In this view first described by Lawrence in 1915 (Lawrence 1915; Merrill 1975) the cassette is placed on the superior aspect of the shoulder. This view requires that the humerus be abducted sufficiently to allow the radiographic beam to pass between it and the thorax. Fortunately sufficient abduction can be achieved by gentle positioning of the dislocated shoulder or by modifications of the technique (figure 3 and figures 6 through 8). The axillary radiograph is critical in the evaluation of the dislocated shoulder: it not only reveals unambiguously the direction and magnitude of head displacement relative to the glenoid but also the presence and size of head compression fractures fractures of the glenoid and fractures of the humeral tuberosities. The axillary view may also be helpful in judging the bony competence and version of the glenoid fossa but the projection must be standardized to avoid misinterpretation.
In his text on radiographic positioning Jordan demonstrated the various techniques for obtaining axillary lateral views. (Jordan 1935) Cleaves (Cleaves 1941; Merrill 1975) and Teitge and Ciullo (Post 1978) have described variations on this view (figure 8). Rockwood has pointed out that in the situation when the patient cannot abduct the arm sufficiently a curved cassette or a rolled cardboard cassette can be placed in the axilla and the radiographic beam passed from a superior position (figure 6). Bloom and Obata (Bloom and Obata 1967) have modified the axillary technique so that the arm does not have to be abducted (figure 7). They call this the Velpeau axillary lateral view. While wearing a sling or Velpeau dressing the patient leans backward 30 degrees over the cassette on the table. The x-ray tube is placed above the shoulder and the beam projected vertically down through the shoulder onto the cassette.

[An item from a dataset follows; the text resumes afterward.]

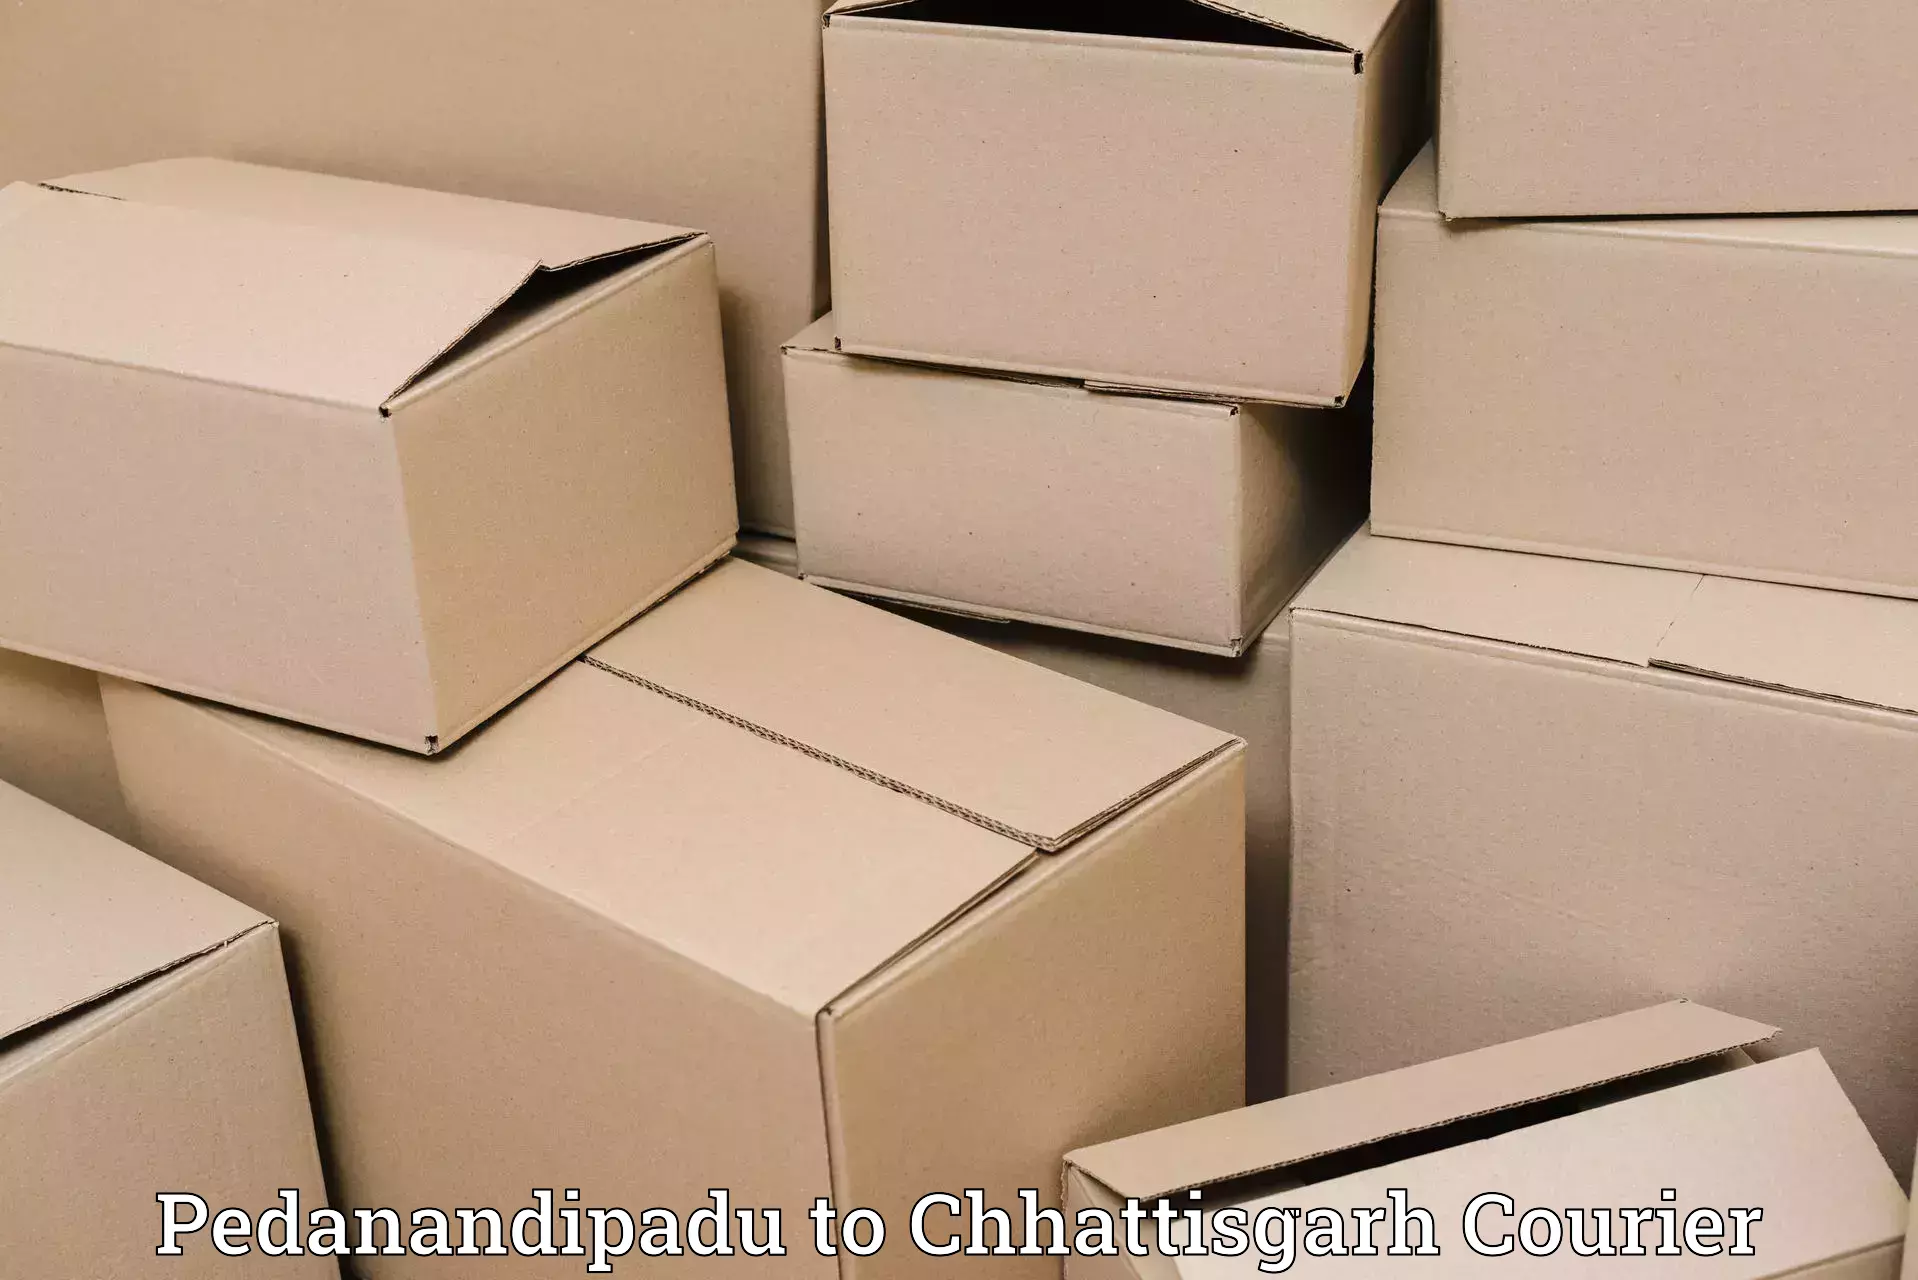 Courier service comparison Pedanandipadu to Mahasamund

In summary in the evaluation of a possibly dislocated shoulder or a fracture-dislocated shoulder we recommend the three orthogonal projections of the shoulder (anteroposterior and lateral in the plane of the scapula and axillary views) which provide a sensitive assessment of shoulder dislocation. The use of fewer views or other less interpretable projections may obscure significant pathological processes. If the three views cannot be taken if there is a question regarding the diagnosis or if there is a need to define anatomy in greater detail a CT scan may be of great assistance. (Kinnard et al 1984; Ribbans et al 1990; Shuman et al 1983) Using modern methods of three dimensional reconstruction anterior inferior glenoid lesions and posterior lateral humeral head lesions can be shown in striking detail (figures 9 and 10). It is of note that the patient whose shoulder is shown in these figures obtained an excellent result from non operative treatment in spite of the damage shown on the reconstructions.